Josef apresentou dois exemplos. O primeiro deles tinha estreita relação com o exemplo dado para o primeiro nível de corrupção (a venda de presentes recebidos pelo ex-Chefe de Estado de Pindorama). Mencionou Josef K. a venda de uma refinaria para um país do Oriente Médio pela metade do valor de mercado. Essa “operação”, além de lesiva ao patrimônio público, explicava a quantidade avantajada de presentes do governo daquele país para Devair Mascaro, ex-presidente de Pindorama.
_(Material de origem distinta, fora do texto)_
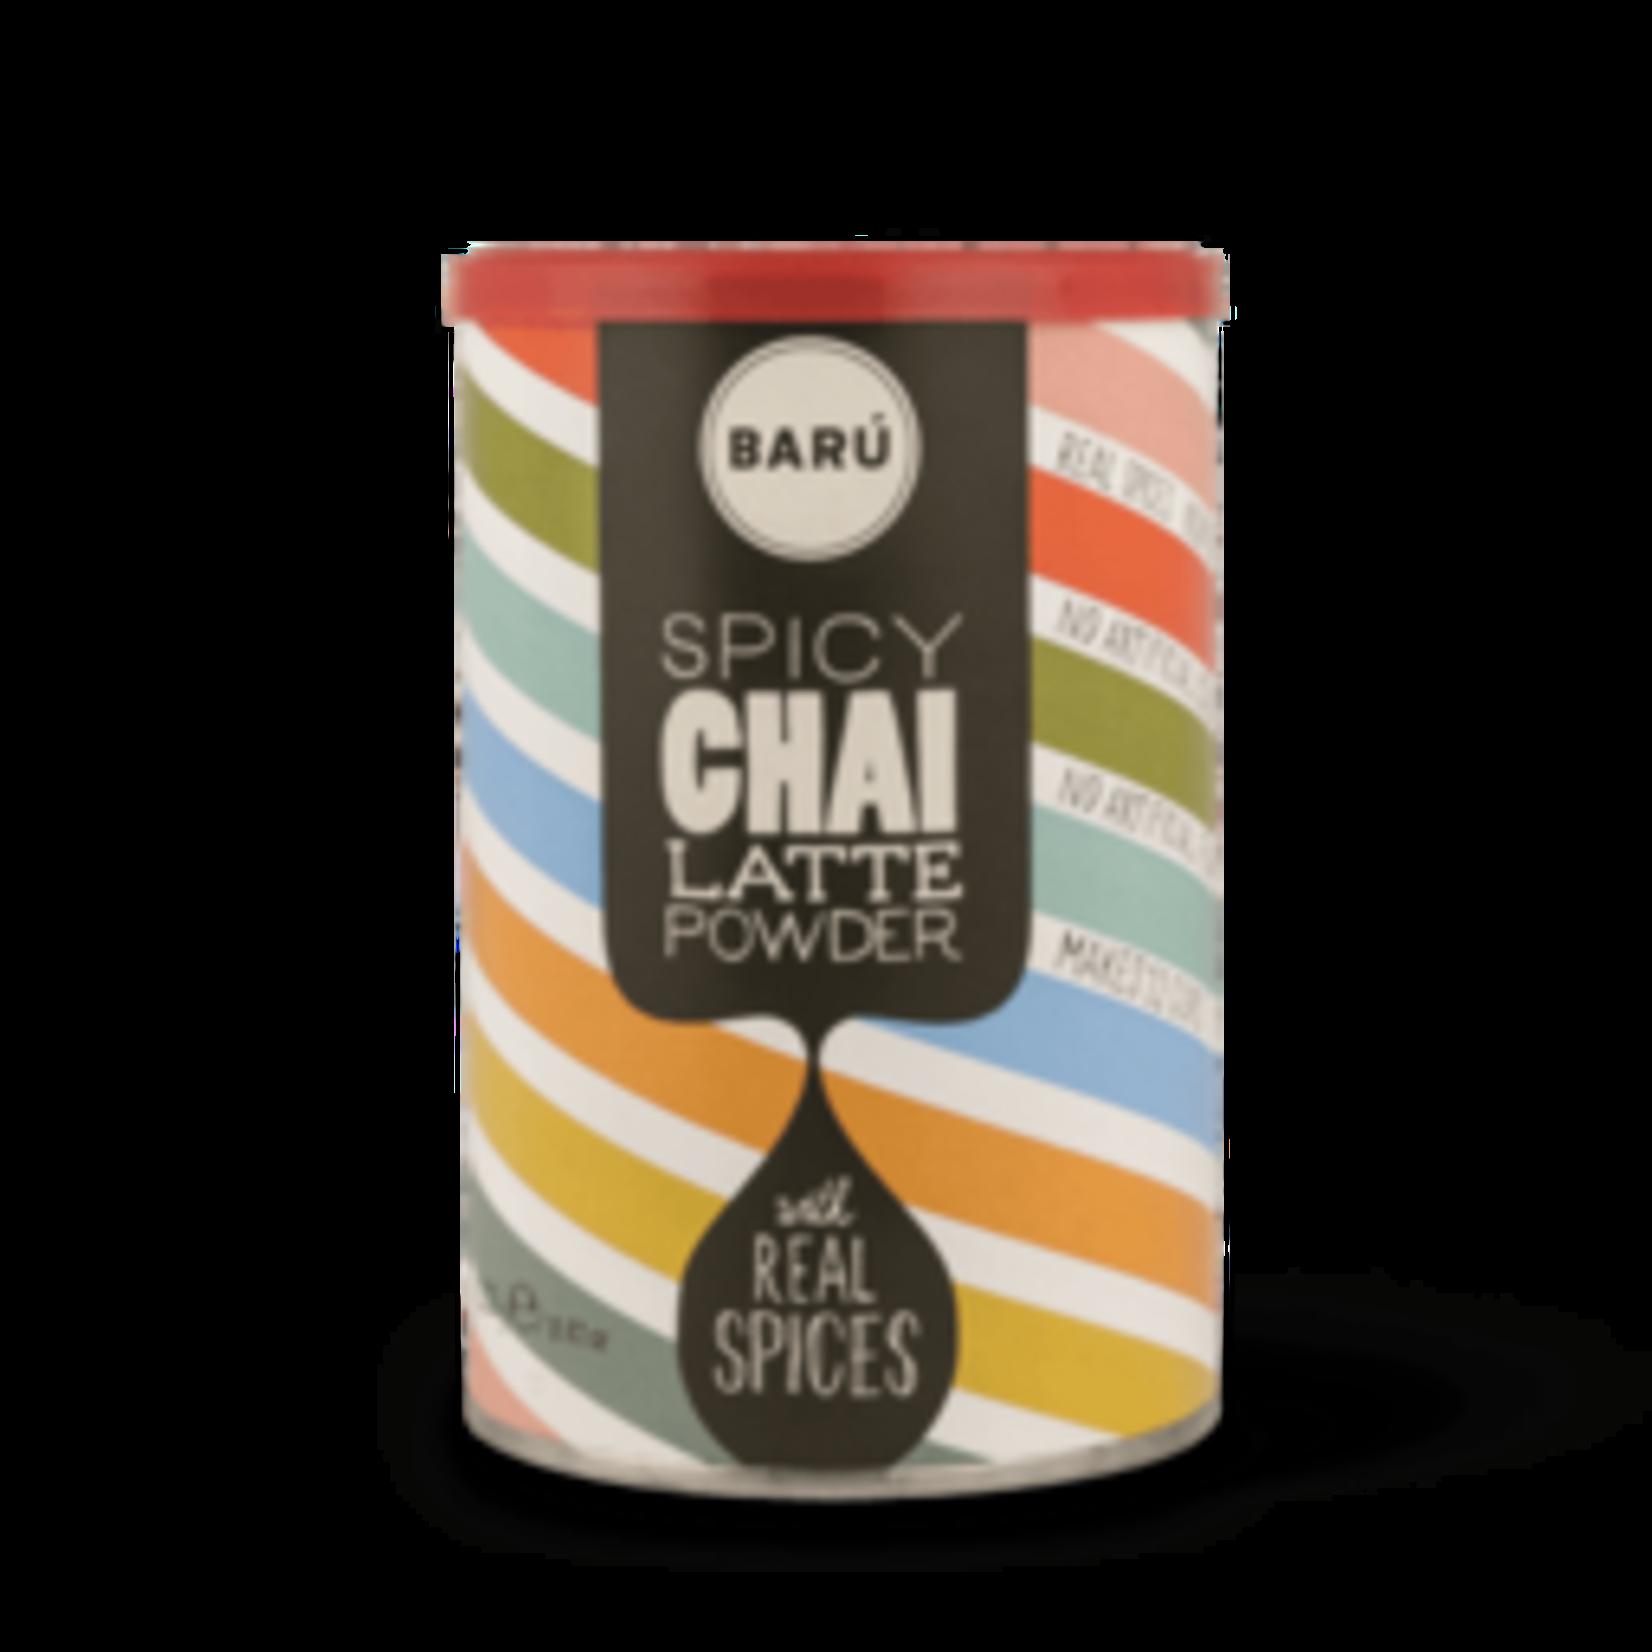 Barú Spicy Chai Latte Powder

Outro exemplo de corrupção de segundo nível assinalado por Josef K. foi a venda dos gasodutos da Petrorama, estatal de exploração de petróleo de Pindorama. Os referidos gasodutos foram vendidos, sem licitação, para a empresa asiática Gastron por 3 bilhões de dólares americanos. Na sequência, a Petrorama alugou os gasodutos vendidos por 1 bilhão de dólares americanos por ano. Apurou-se, depois, que a Gastron fez inúmeros favores aos governantes de Pindorama (empregos para parentes, pagamentos de despesas domésticas, reformas de imóveis e custeio de viagens internacionais).
O terceiro e último tipo de corrupção listado por Josef K. correspondia a mecanismos institucionalizados de transferência de enormes volumes de riquezas do conjunto da sociedade de Pindorama para alguns segmentos socioeconômicos específicos e privilegiados.
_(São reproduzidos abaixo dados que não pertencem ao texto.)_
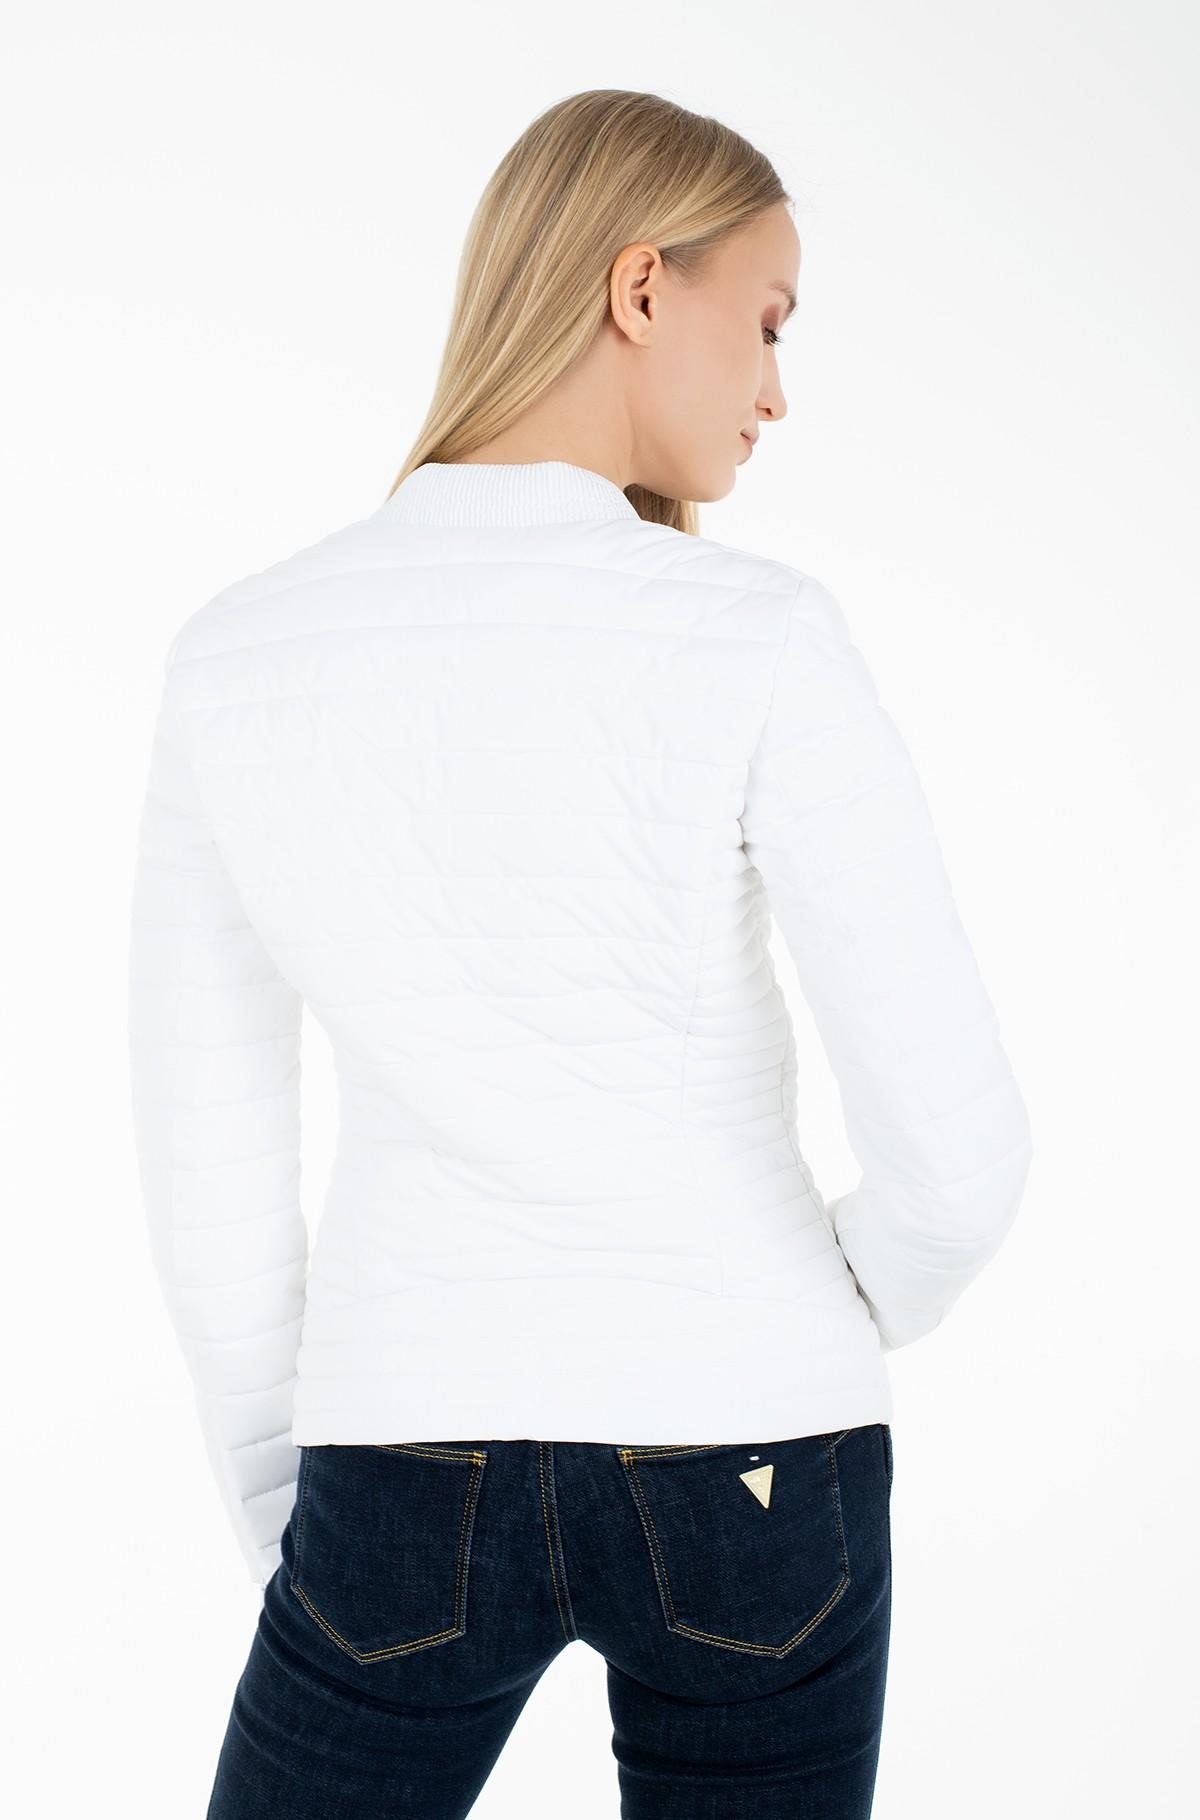 Jacket W1RL52 WCOG0 -full-3
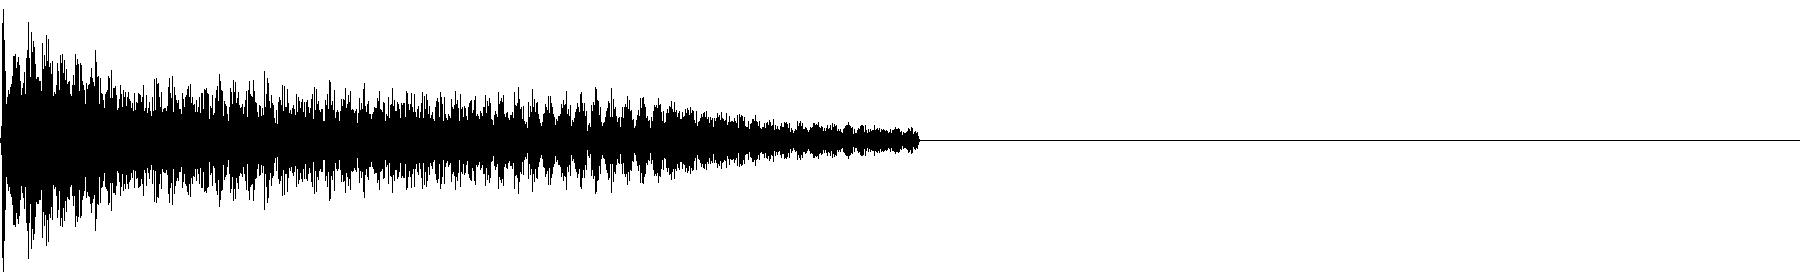 shg percussion 44

Josef apresentou dois claros exemplos desse terceiro nível de corrupção. A administração da dívida pública de Pindorama, alimentada por uma das maiores taxas de juros do mundo, implicava no pagamento anual de encargos de cerca de 100 bilhões de dólares americanos. O acadêmico comprovou que esse endividamento funcionava como um poderoso mecanismo de ganhos financeiros crescentes sem reflexos significativos no financiamento do desenvolvimento nacional. Ademais, o Banco Central de Pindorama, entidade que ganhou o status legal de “independente”, embora fosse conduzida seguidamente por executivos dos principais bancos do país, realizava anualmente, em favor do sistema bancário, operações compromissadas e remuneração da “sobra de caixa” em um montante de aproximadamente 250 bilhões de dólares americanos.
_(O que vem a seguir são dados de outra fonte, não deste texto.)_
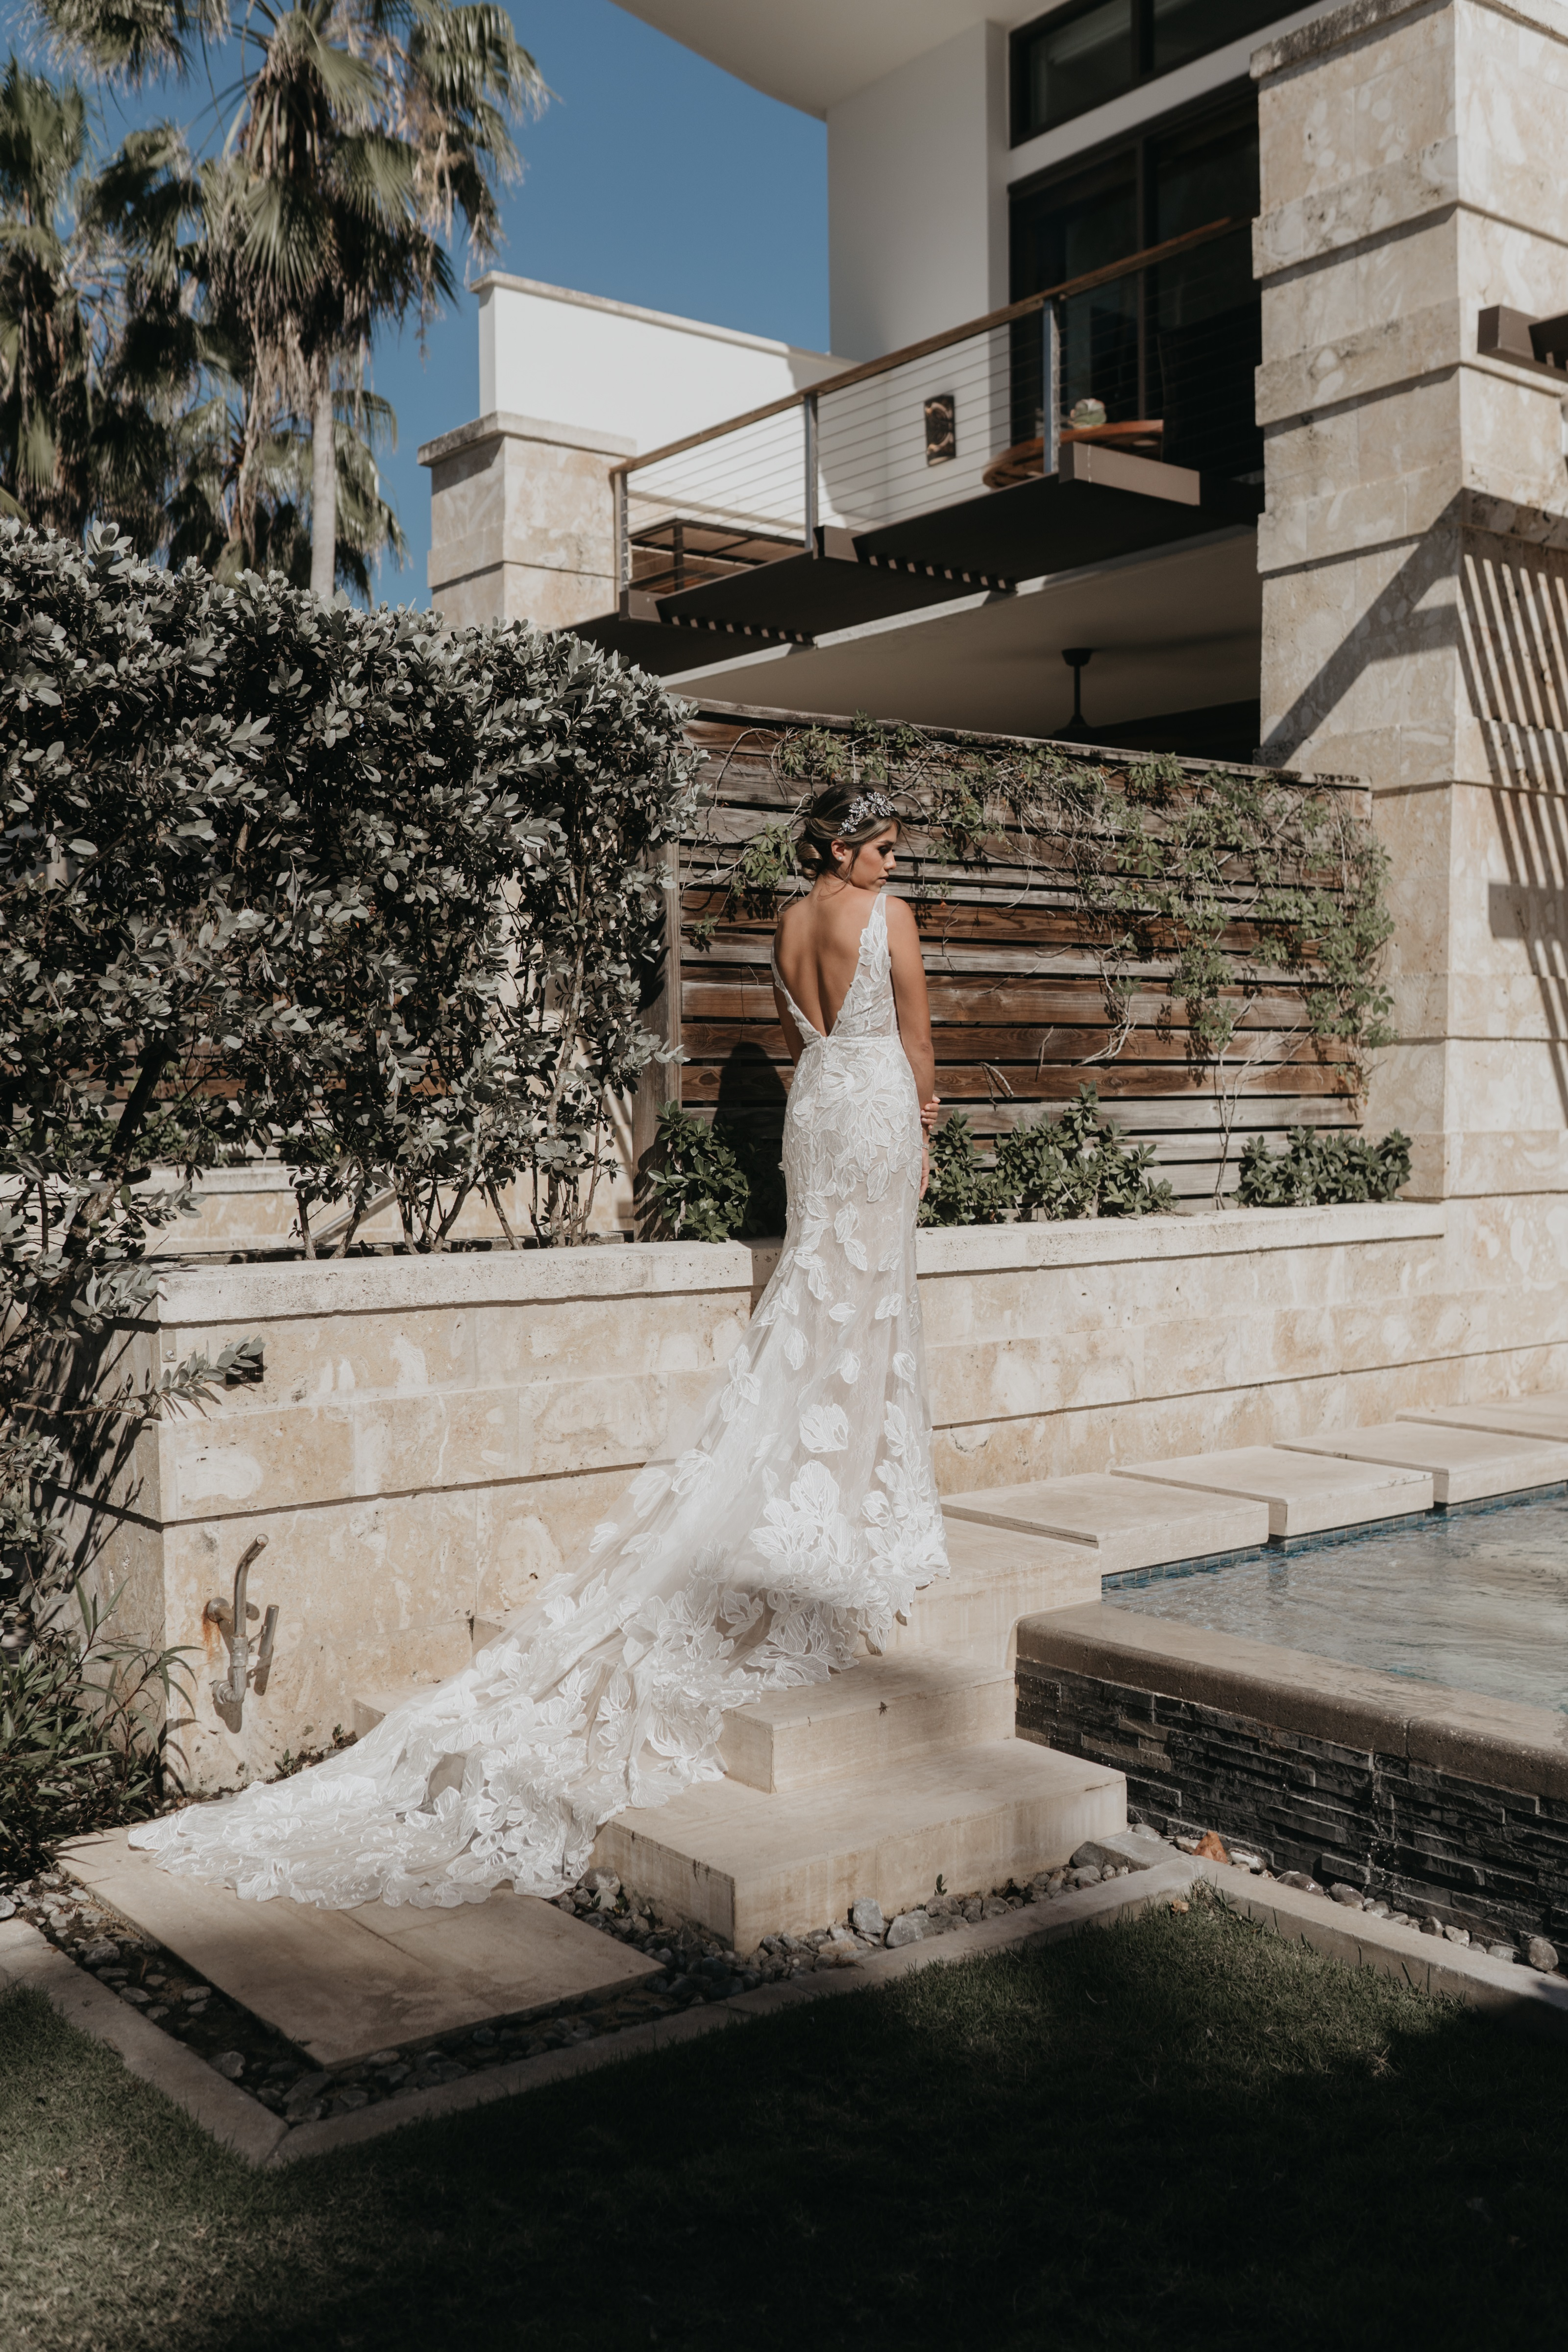 Atuendo de la novia: D'Royal Bride (Foto: Artonico Stories)

O trabalho acadêmico de Josef K. foi mais longe. Cuidou o professor da Universidade de Panorama, capital do país, de mostrar como os três níveis de corrupção eram mostrados ou escondidos pela grande imprensa para a sociedade de Pindorama. Josef K. demonstrou, com minucioso levantamento do noticiário, que os esquemas de corrupção de primeiro nível, como a venda de relógios, joias e coisas do gênero, eram profundamente dissecados em dezenas de horas de cobertura jornalística em telejornais, documentários e programas de debates. Já o segundo e o terceiro níveis da corrupção de Pindorama eram solenemente ignorados pela grande imprensa. Raramente alguma menção a esses esquemas e mecanismos era observada. Curiosamente, concluiu Josef K., a corrupção mais rasteira de primeiro nível funcionava como uma excelente cortina de fumaça para os outros e mais profundos níveis de corrupção.
Registro que esse texto é um mero exercício de imaginação livre e descompromissada. Trata-se de um inocente passatempo literário. Qualquer semelhança com a realidade de países, autoridades, ex-autoridades, instituições e pessoas de uma forma geral é uma incrível e indesejável coincidência.